Alrededor del símbolo de la patria celestial, en torno a la Iglesia se reúnen los elegidos, aquellos que, tras el período
funesto en que no había libertad sino para el mal, han alcanzado por la gracia la libertad verdadera y por ello puede
decirse que están salvados. Pero si la Iglesia es condición no es causa suficiente, y por eso aun en ella son pocos los
elegidos y son muchos los condenados. Llamado a la salvación ha sido todo el género humano en la persona de
Adán; condenado ha sido también todo el género humano en la misma persona; definitivamente salvada será sólo,
empero, una pequeña parte de él, precisamente esta parte que, mientras vive en la historia y en el mundo, tiene
fuera su alma y sus entrañas. Esta justicia de condenar a todos y esta misericordia de salvar a algm1es es lo que da
su angustioso sentido a la visión agustiniana de la historia y lo que hace de ella, al tiempo que el reino de la
desesperación, el fundamento de la esperanza.
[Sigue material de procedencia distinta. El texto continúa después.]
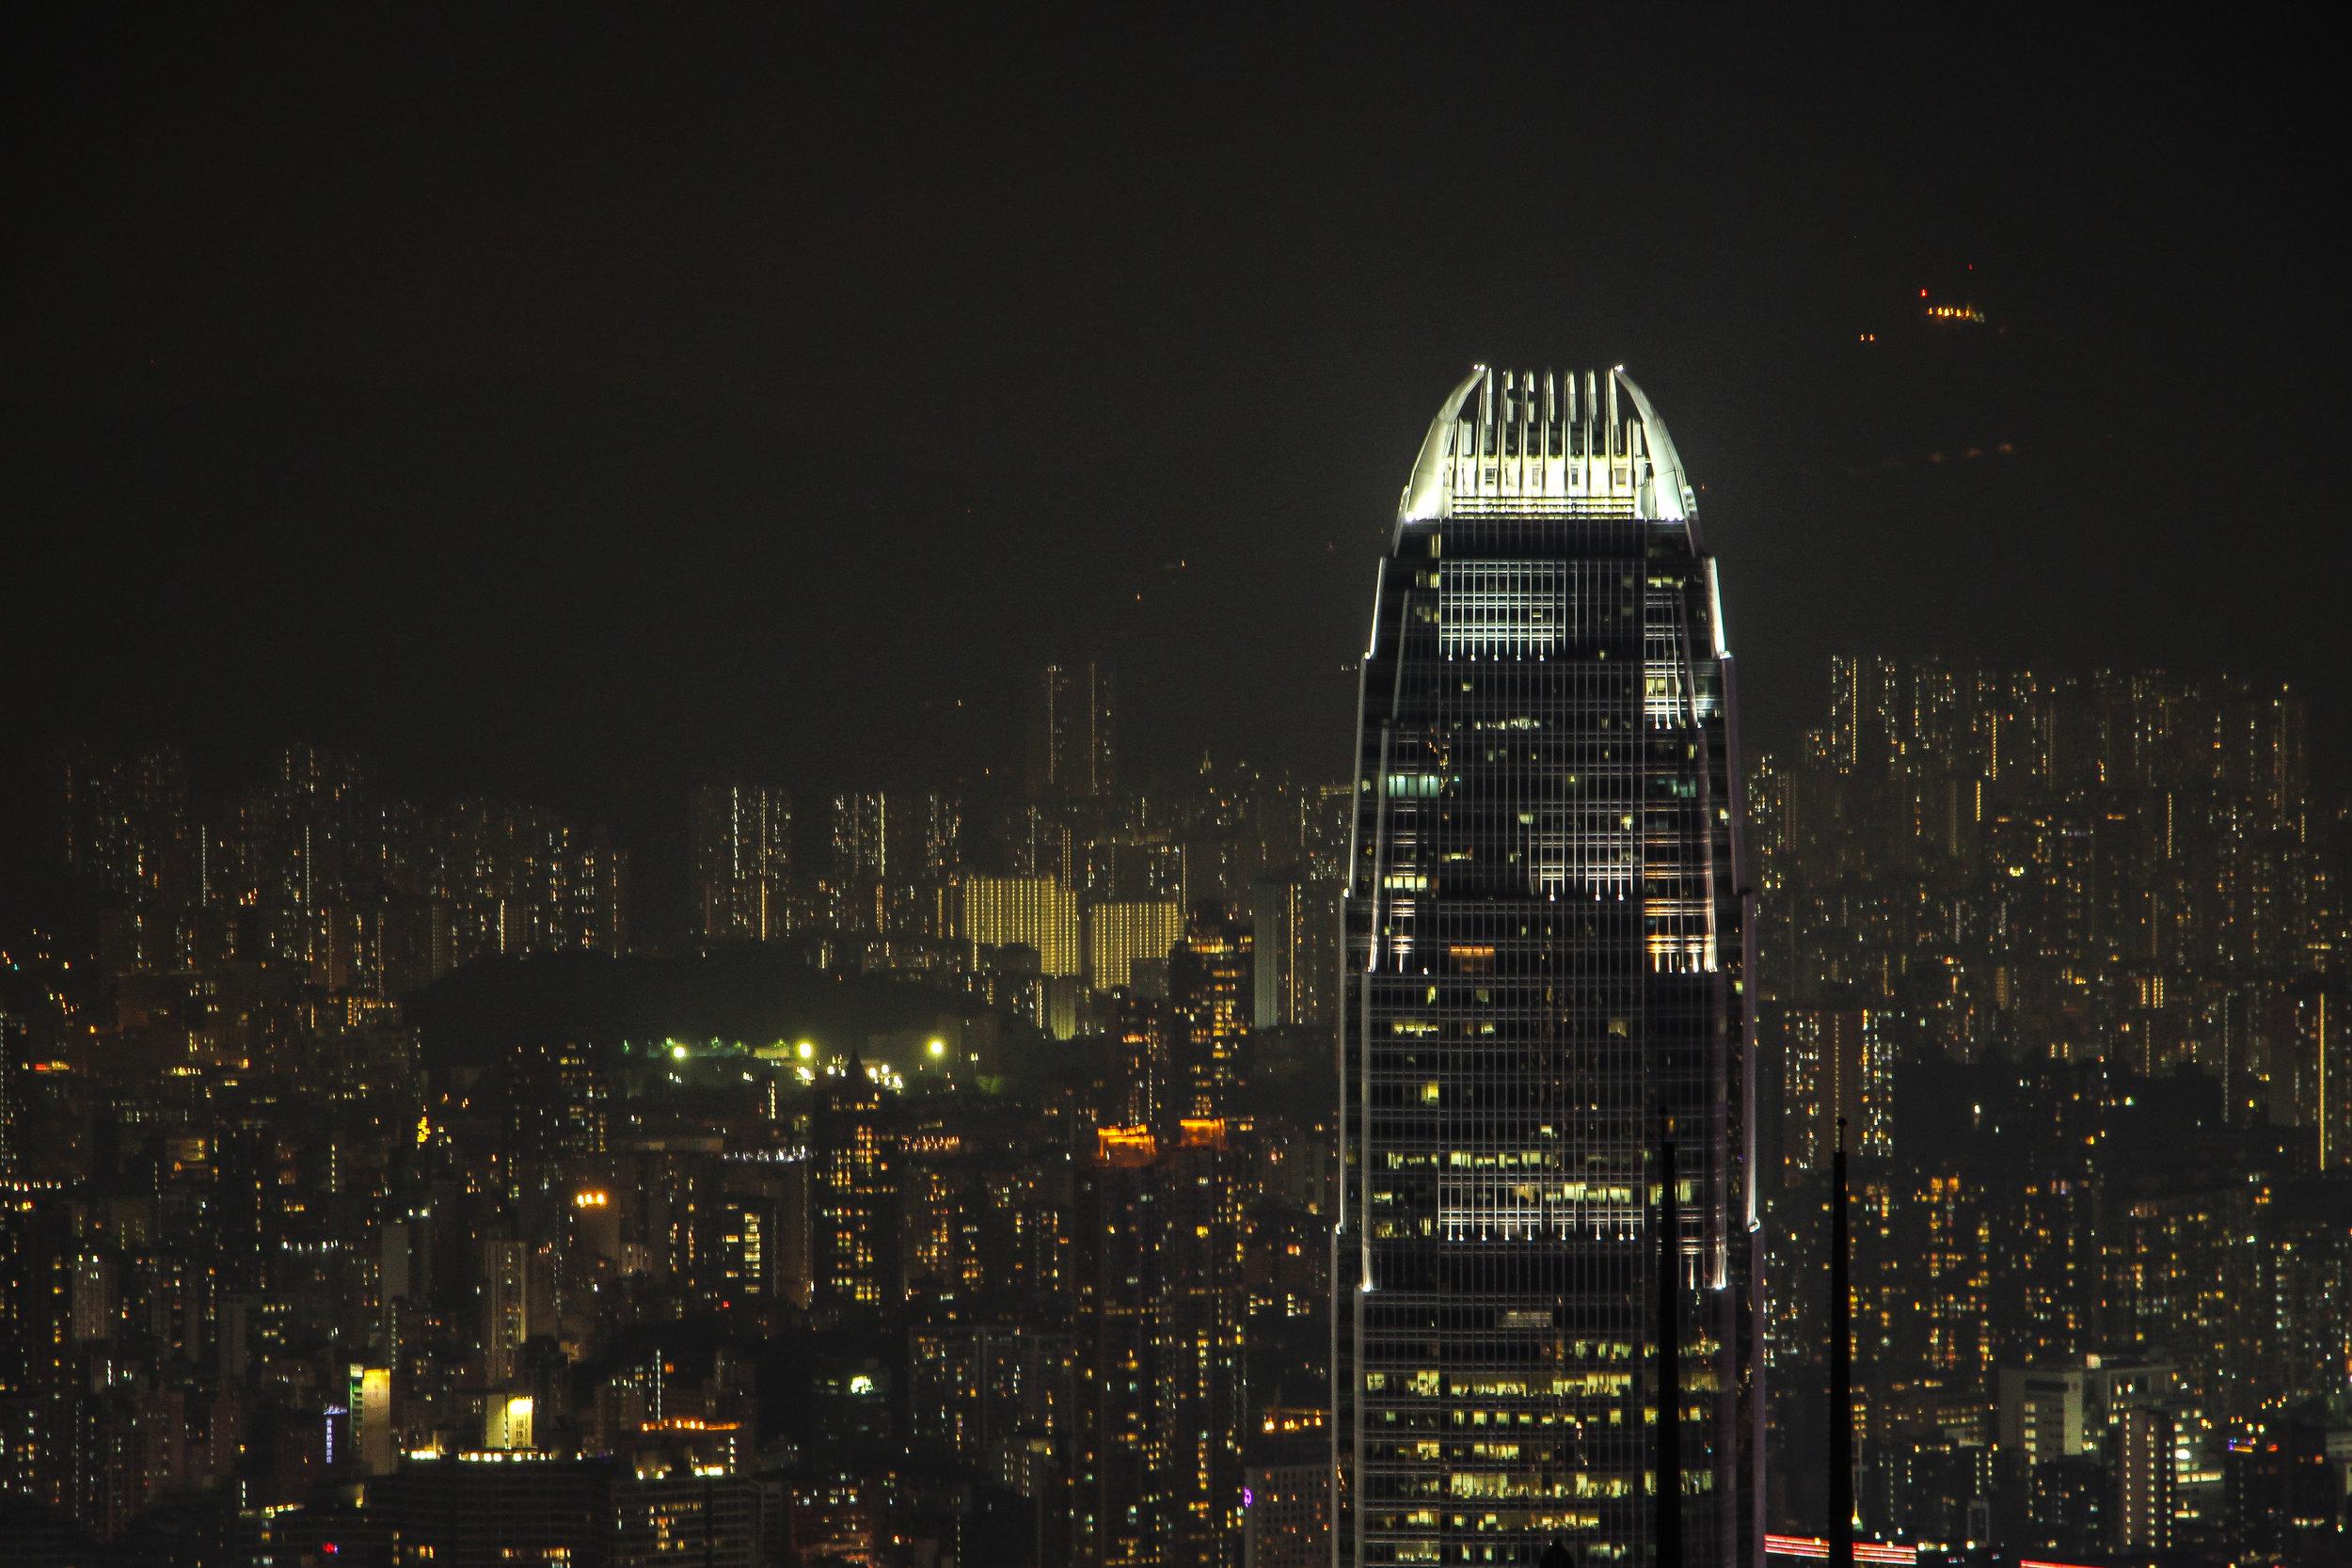 HONG KONG, HONG KONG ISLAND, KOWLOON, SOUTH CHINA SEA, VICTORIA PEAK, NIGHTLIGHT, ASIA | DOLESSGETMOREDONE.COM |

Pues, en último término, si no hubiera historia, esto es, si no hubiera
lucha entre las dos ciudades, aquí confundidas y allá estrictamente separadas, no habría ni siquiera perdón para esos
pocos que han sido a la vez llamados y elegidos, que constituyen ya desde este momento el núcleo con el cual se
formará, terminados los tiempos con el juicio, la patria celestial.
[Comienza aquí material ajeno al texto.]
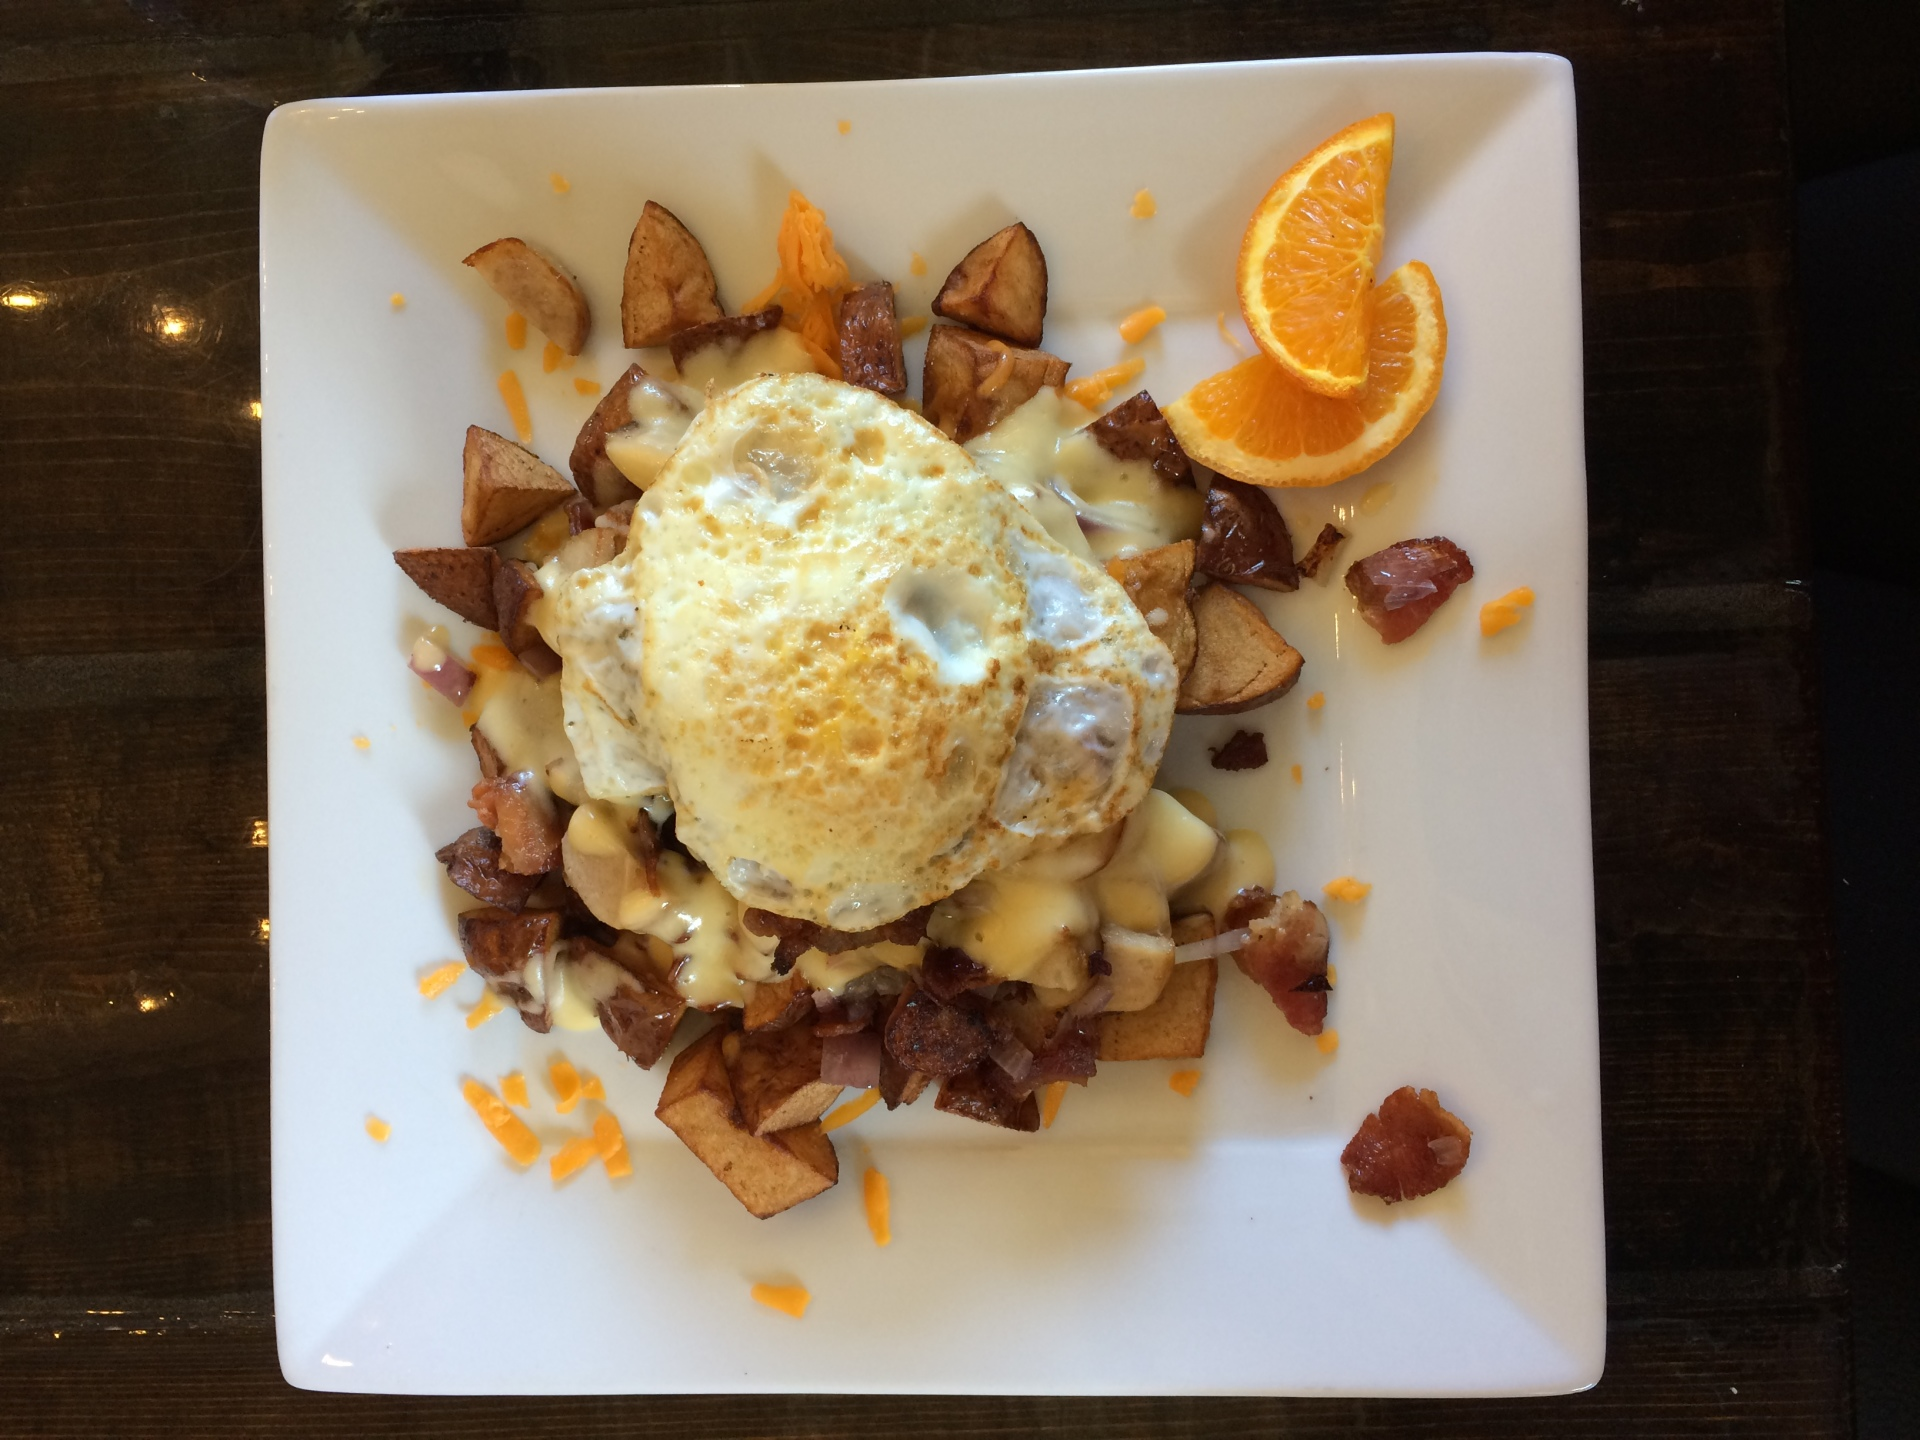 breakfast, brunch, poutine, egg, bacon, sausage, St. John's, best brunch in St. John's

Esta teodicea de la historia, esta justificación de una providencia que, aun sabiendo de antemano a cuán horribles
padecimientos eternos será sometida la mayor parte de los hombres, no ha detenido su impulso creador, no ha
vuelto a sepultar en el barro lo que del barro había nacido, puede parecer a muchos una cruel pesadilla. Así han
opinado quienes, como Orígenes, han sobrepuesto al castigo eterno, a la separación radical entre las dos ciudades, la
última y definitiva unidad de todas las cosas en todo, la apocatástasis, recapitulación o vuelta de todo a Dios. Pero a
esta distinta y más apacible imagen opondrá siempre la visión agustiniana el hecho tremendo de que la condenación
de los más no es prueba de crueldad, sino de justicia, y de que la salvación de los menos no es manifestación de
justicia, sino de misericordia. Orígenes se limita a señalar el castigo del pecado original y de los pecados derivados
con la inmersión en la materia, con la extinción de la llama divina por ese mal que es el poseer una realidad
defectuosa, por esa impureza que es el mundo hollado por la culpa. Pero el mal no es para él definitivo, porque la
gracia alcanza, en última instancia, a todos, y la muerte de Cristo es la muerte por la cual el género humano, en su
integridad, sin separación ni elección, volverá a reunirse con su primitiva fuente, con el hontanar que le dio
sucesivamente vida, muerte y resurrección. Mas si esta visión es más reconfortante que la agustiniana, suprime todo
lo que constituye la raíz y el principio de la historia, el ser constitutivamente un drama y no una comedia en la cual,
como corresponde al género, «todo acaba bien». En la visión agustiniana no acaba todo bien, como en la comedia, ni
todo mal, como en la tragedia; en ella mueren, con una eterna muerte sin reposo, los réprobos o los condenados,
pero viven con una vida sin más inquietud y desasosiego los que, debiendo ser también condenados, han resultado,
por una elección que escapa a la razón humana y acaso a toda razón, inscritos en el registro de una ciudad que está
constituida desde siempre, pero que sólo quedará colmada cuando la historia, ese sueño que es una pesadilla, haya
terminado de ser soñada. Puede que no haya que acusar demasiado a Dios de su aterrador dictado, porque acaso la
pesadilla también a Él alcanza y somos nosotros la visión que aparece constantemente en sus sueños. En los sueños
de Dios, que si tal fuera cierto, serían para el hombre más reales que la realidad.